Sharp encouraged Lassiter to continue formal training with Woodstock following the three complimentary classes, and that’s exactly what they did. Since that time, Woodstock has graduated from four levels of training, including a trick class that required Lassiter and Woodstock to perform in a show.

“It was hard to believe the little dog I found curled up in the corner of the shelter cage was now on stage performing like a pro,” Lassiter says. “He now has boundless confidence… the transformation has been amazing, and I thank Beth for helping us get started.”

Lassiter says the jumpstart with training that Sharp provides is of vital importance during a crucial time of transition for shelter dogs. “Her gentle hand is reaching out to help, so they are not returned to the shelter before they have time to adjust to their new lives,” Lassiter says. She is certain Woodstock would not be the happy, wellbehaved dog he is today without Sharp’s assistance and encouragement. One glance at Sharp’s new group of students tells a story in itself. One dog is barking nonstop.

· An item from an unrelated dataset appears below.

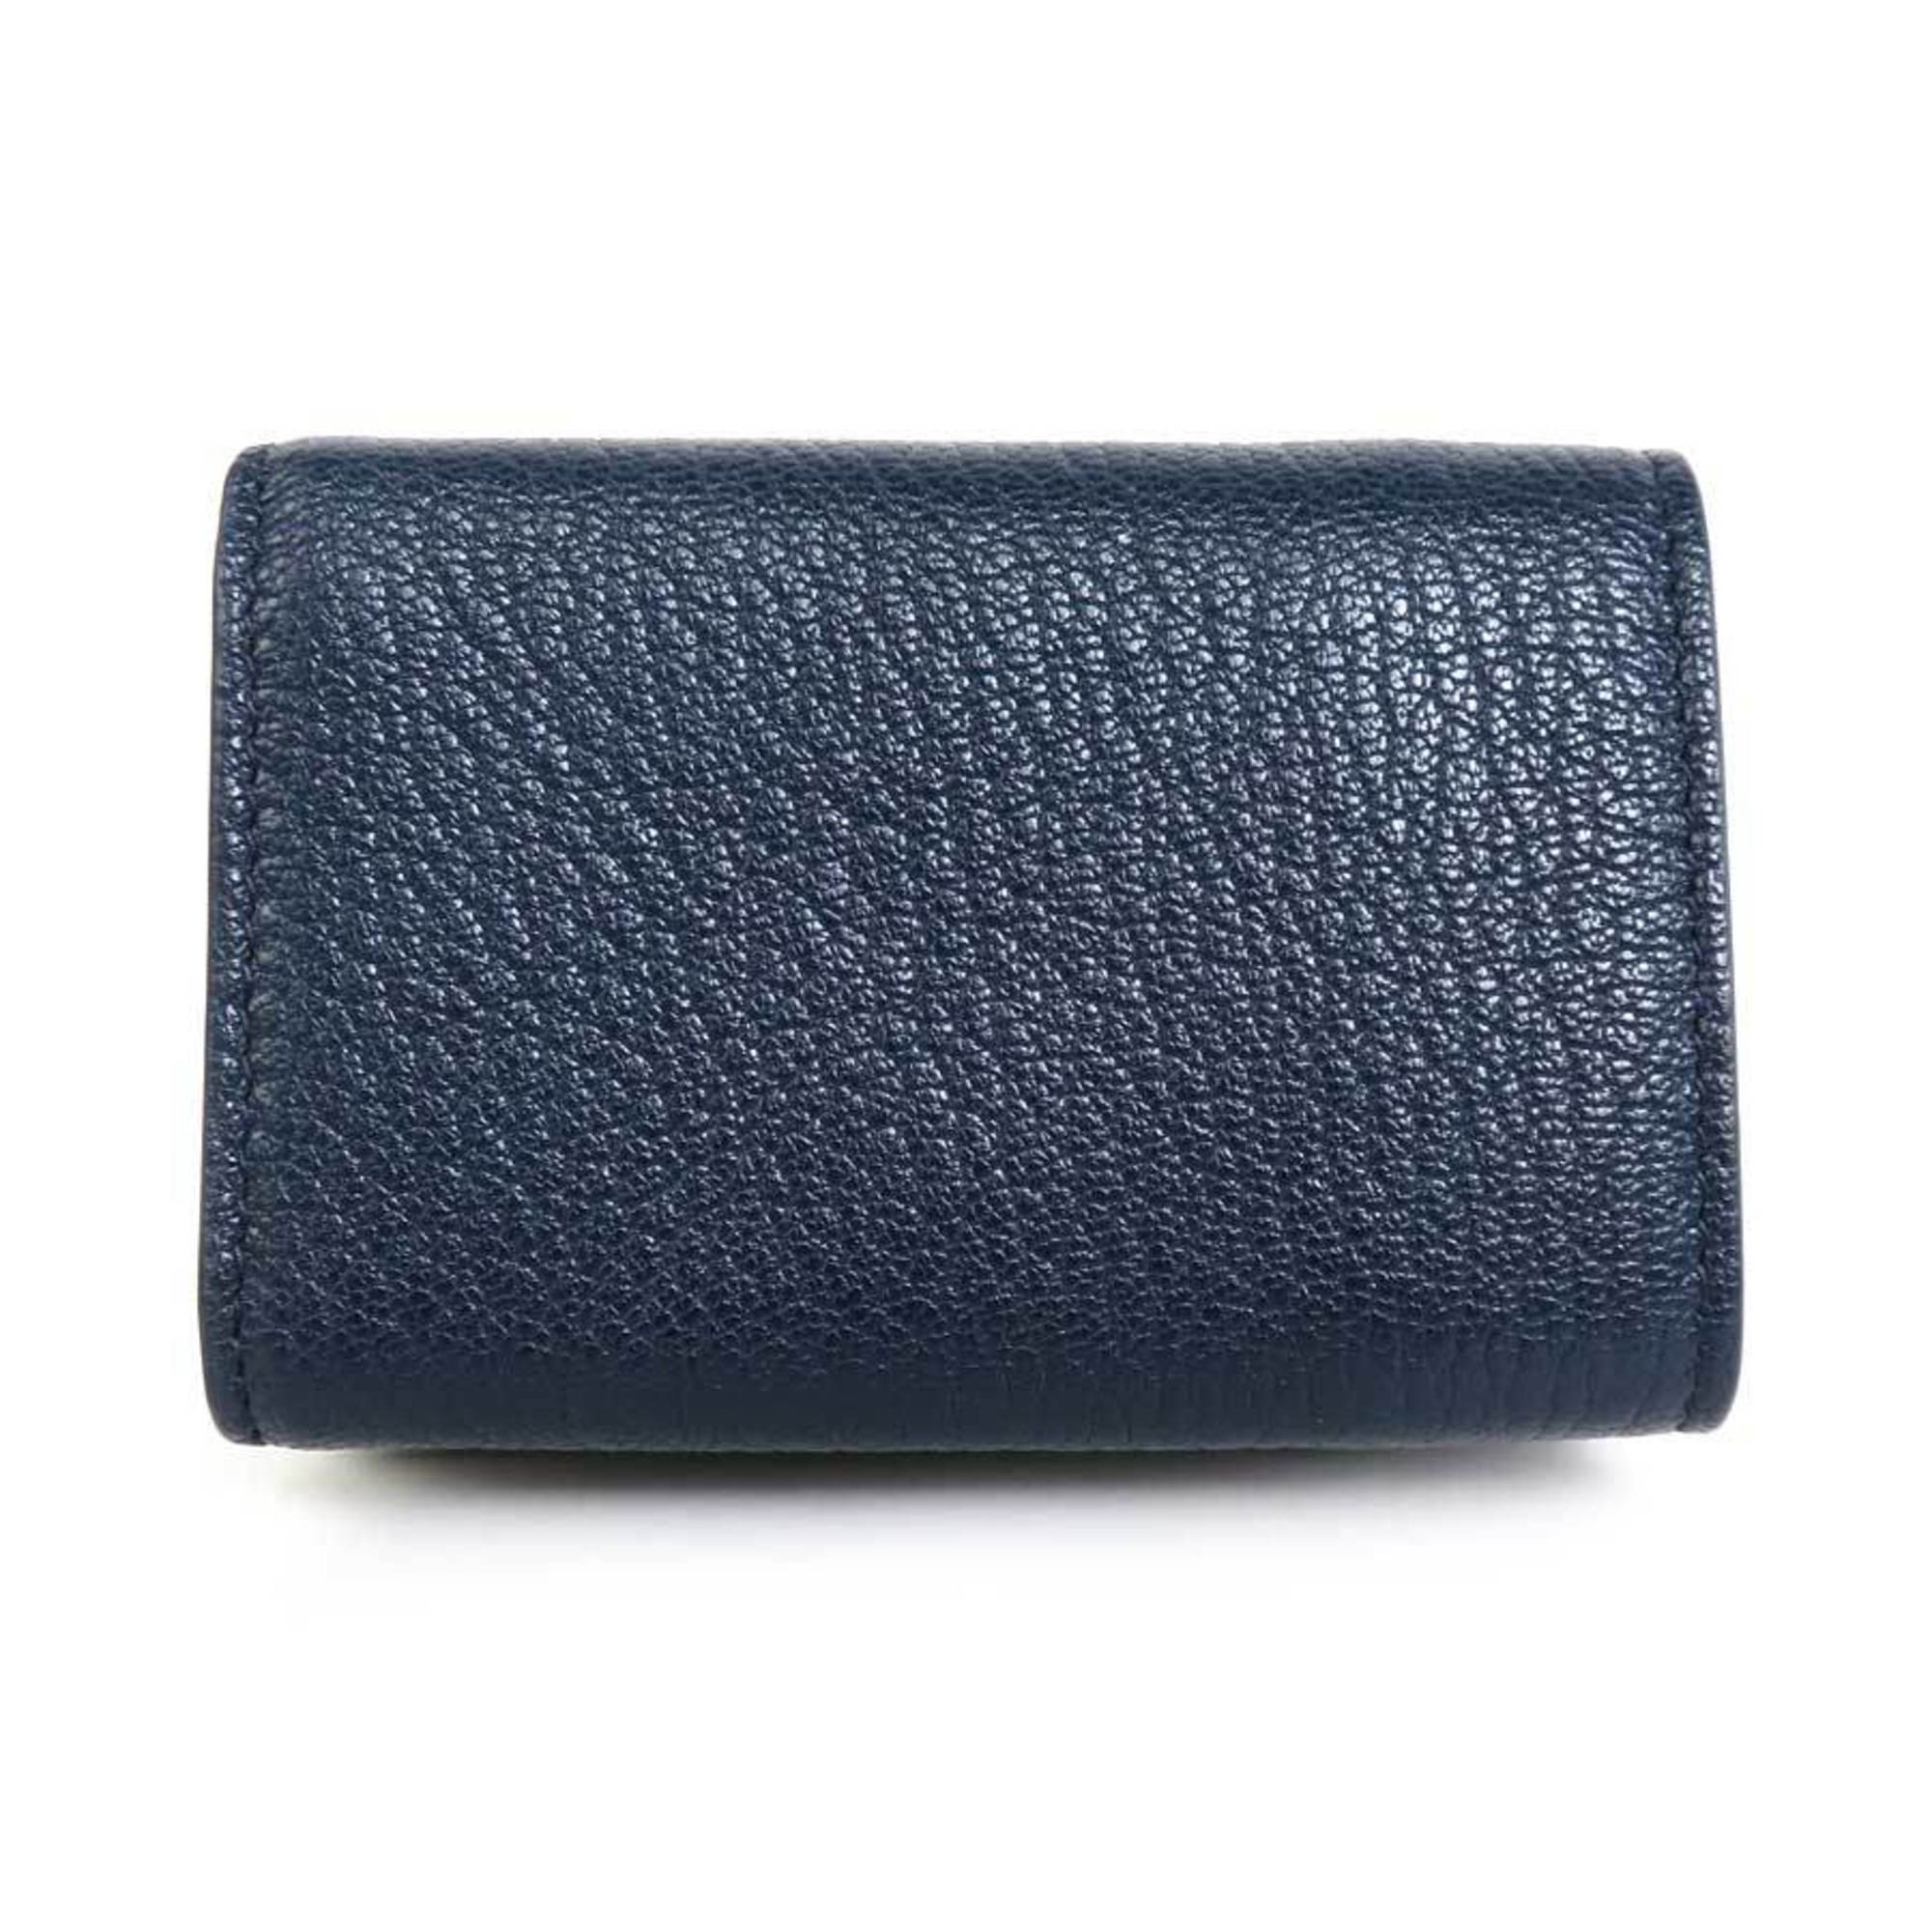 Balenciaga BALENCIAGA trifold wallet mini leather navy gold

One dog is sitting in a corner drooling. One dog is straining at his leash, trying to visit everyone in the room. In the middle of the chaos, Beth Sharp smiles, introduces herself and dives right in, helping each owner/dog team learn how to work together. Before the hourlong class ends, the dogs have settled, the owners have relaxed and progress is underway.

When asked about her classes, Sharp’s response is immediate. “I’m having a blast doing this!” she says. “To date over 150 dogs and owners have gone through the program, and we’re adding more every month.” That’s a lot of dogs and people—past, present and future—who can be very grateful for the inspiration of a once unruly dog named Cooper and a very devoted dog trainer named Beth.